When Is It Safe for an Athlete to Return to Play after COVID-19?

Athlete Running After COVID-19 illness.Though the COVID-19 coronavirus emerged in late 2019, there are still many questions regarding the recovery process for someone who’s become ill and the long-haul symptoms they may experience. Among these questions are about when athletes recovering from COVID-19 can return to play. Learn about the American College of Cardiology Sports and Exercise Council’s return-to-play recommendations from Myocarditis Foundation.

Recommendations for Athletes after COVID-19

The American College of Cardiology Sports and Exercise Council provides guidance to professional sports leagues, such as the National Football League (NFL) and National Basketball Association (NBA), and its recommendations are often followed by semi-professional, collegiate, high school, recreational, and other levels of sports. Its return-to-play recommendations for athletes recovering from a COVID-19 diagnosis are as follows:

For Athletes Previously Hospitalized or Severely Ill with COVID-19

Because these athletes are at much higher risk for cardiac injury related to COVID-19, they should also follow return-to-play recommendations for myocarditis. In these cases, athletes shouldn’t compete, train, or exercise for roughly three to six months. However, if a hospitalized athlete had normal cardiac biomarkers and imaging studies, a minimum of two weeks of rest after symptoms resolve is recommended, followed by a clinical cardiovascular evaluation and gradual return to play.
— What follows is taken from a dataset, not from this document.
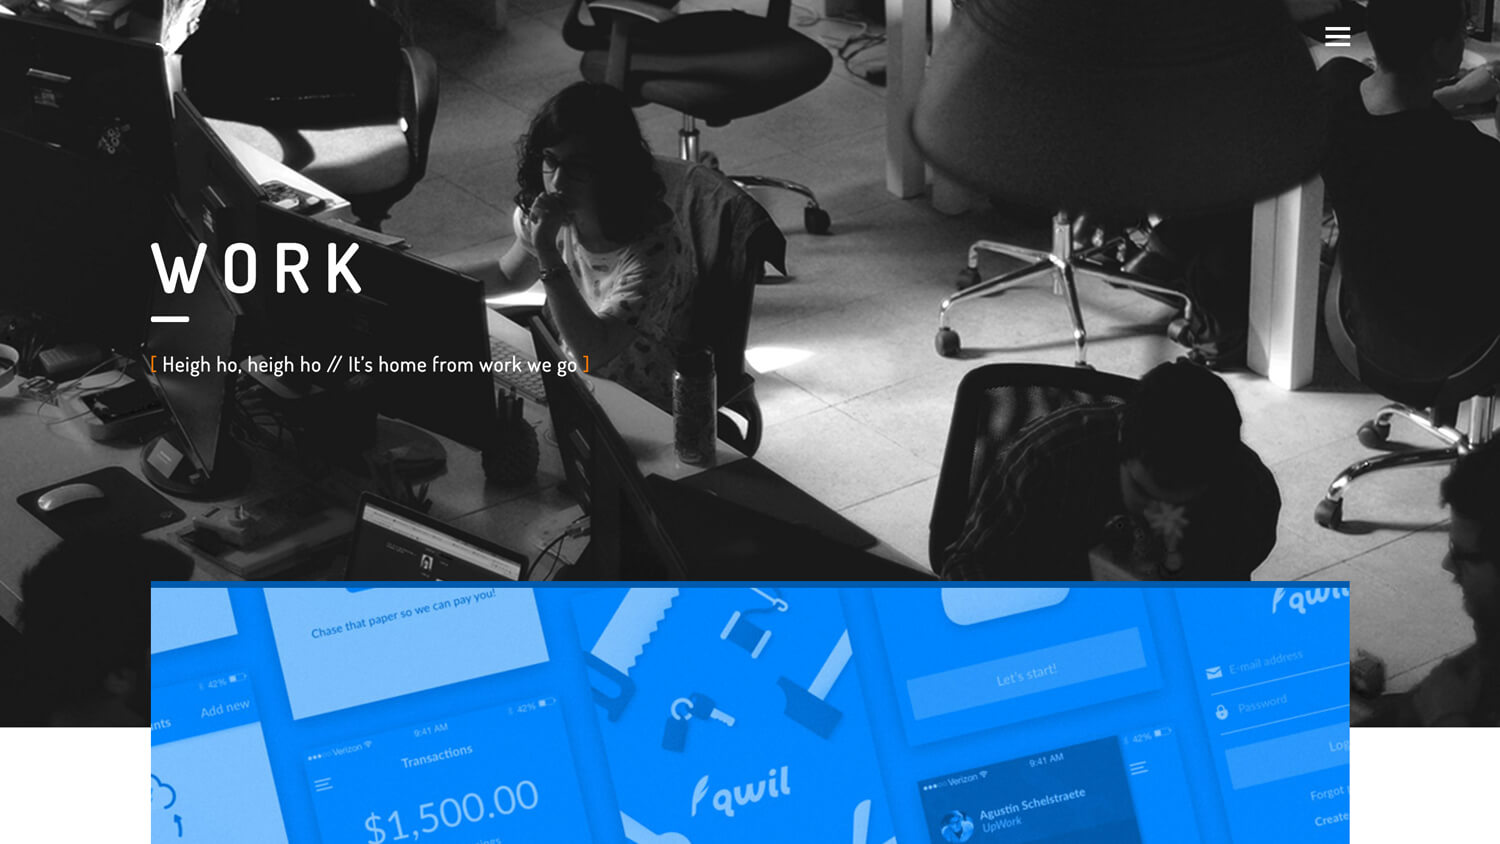 Aerolab – Design and Development for Startups and Leading Brands

For Athletes Positive for COVID-19 with Mild to Moderate Symptoms

Athletes should abstain from physical activity for a minimum of two weeks from the onset of symptoms. Recovered athletes should undergo a clinical cardiovascular evaluation, utilizing some or all of the following tests to ensure no evidence of myocardial injury in the heart:

      • Cardiac biomarkers and imaging
      • Cardiac magnetic resonance imaging (MRI)
      • Exercise testing
      • Ambulatory rhythm monitoring

If there are no symptoms present and no evidence of cardiac injury, an athlete can return to play under the close guidance of their doctor. If testing reveals cardiac injury, athletes should follow return-to-play recommendations for myocarditis.

 For Athletes Negative for COVID-19 and Who Remain Asymptomatic

Under direction from their doctor, athletes can resume play without additional testing, but asymptomatic athletes testing positive for the COVID-19 antigen should isolate and cease exercise or training for at least two weeks from the date of the positive result.

The Importance of Following the Recommendations

There is still much to be learned about COVID-19 , its link to myocarditis, and its long-term impacts on athletes. That’s why it’s so crucial for athletes recovering from the coronavirus to take extreme caution upon their return to play and follow these recommendations from the American College of Cardiology Sports and Exercise Council.

“Given the fact that this particular virus seems to have much more cardiac injury than any other virus that we deal with, we felt that the safest thing is that we assume that they have cardiac injury if they had symptoms,” Dr. Dermot Phelan of the American College of Cardiology and Sports Exercise Council told WBTV. He goes on to explain that those with negative test results may return to play, though those showing signs of cardiac injury or myocarditis should have a significant period of rest for at least three to six months. “If you exercise with myocarditis, that’s a very bad thing to do. Because exercise causes an increase in the viral replication, it increases the scar of the heart, and it makes you more prone to abnormal and dangerous rhythms.”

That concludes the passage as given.